Structural and functional analysis of the β-chemokine RANTES: Proposal of a three-site binding hypothesis

Abstract

Chemokines comprise a family of low molecular weight proteins involved in a variety of biological activities including the activation and regulation of immune responses. A subset of chemokines, including Regulated Upon Activation Normal T Cell Expressed and Secreted (RANTES), Macrophage Inflammatory Protein (MIP)-1alpha, MIP-1beta and Macrophage Derived Chemokine (MDC), block HIV-1 entry of susceptible cells. The anti-viral activity of chemokines is dependent upon binding to 7-transmembrane (TM) G protein-coupled receptors, which also serve as receptors for HIV-1 viral binding to cells. In addition to this dependence upon protein receptors we have demonstrated a reliance of chemokine function on cell surface glycosaminoglycans (GAGs). Through the use of an anti-RANTES monoclonal antibody developed in our laboratory, mAb 4A12, residues in the C-terminal region of RANTES have been identified as those residues critical for GAG binding. Preincubation of mAb 4A12 with RANTES blocks RANTES induced Ca2+ mobilization, inhibits RANTES binding to the cell surface and reverses the HIV-1 anti-viral activity of this chemokine, thus implicating the dependence of chemokine function on cell surface GAGs. Additionally, enzymatic removal of cell surface GAGs from PBMC inhibits the ability of RANTES to mobilize Ca2+ in these cells. Further implication of the importance of GAGs in chemokine function is provided by studies in which cells inherently expressing low levels of cell surface GAGs exhibit reduced ability to mobilize Ca2+ in response to RANTES. Finally, adding back GAGs as soluble complexes to chemokines does not restore chemokine function.
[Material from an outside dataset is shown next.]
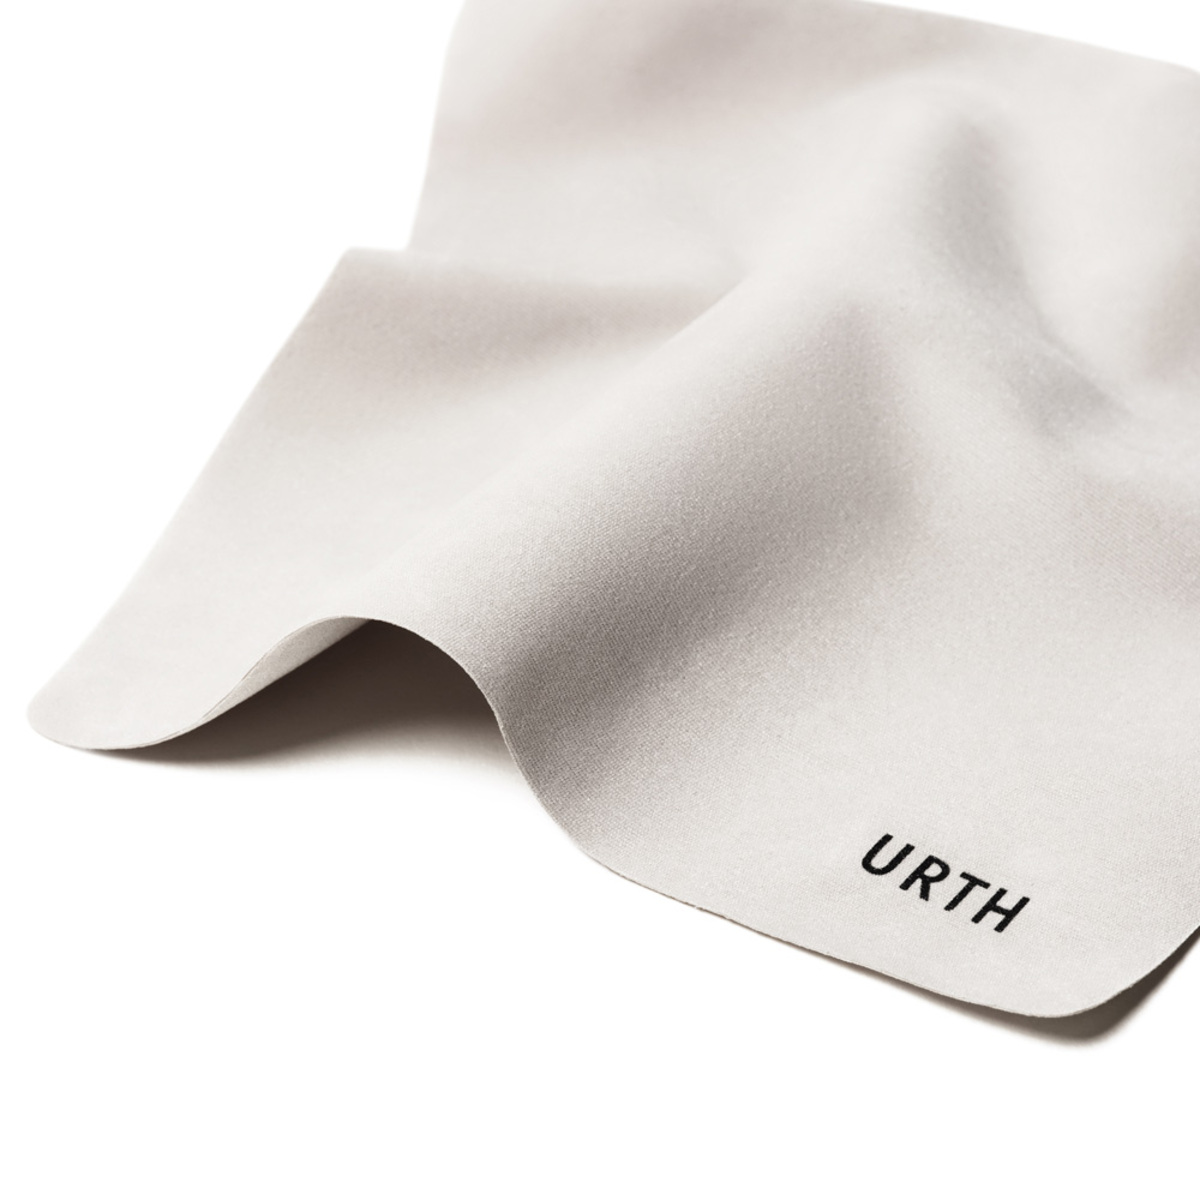 Urth 95mm Ethereal ⅛ Black Mist Objektivfilter (Plus+)

Soluble RANTES/GAG complexes are unable to induce Ca2+ mobilization or chemotaxis in susceptible cells; yet they retain HIV-1 anti-viral properties. In conclusion, our data suggest that the current model describing chemokine interactions with protein receptors needs to be extended to include the GAG interaction necessary for functional chemokine binding. Additionally, our findings suggest soluble chemokine/GAG complexes represent 7-TM receptor ligands that no longer elicit the potentially deleterious effects of cell signaling through Ca2+ mobilization and chemotaxis, yet retain their anti-viral activity and therefore represent a potential therapeutic formulation to treat HIV-1 infection.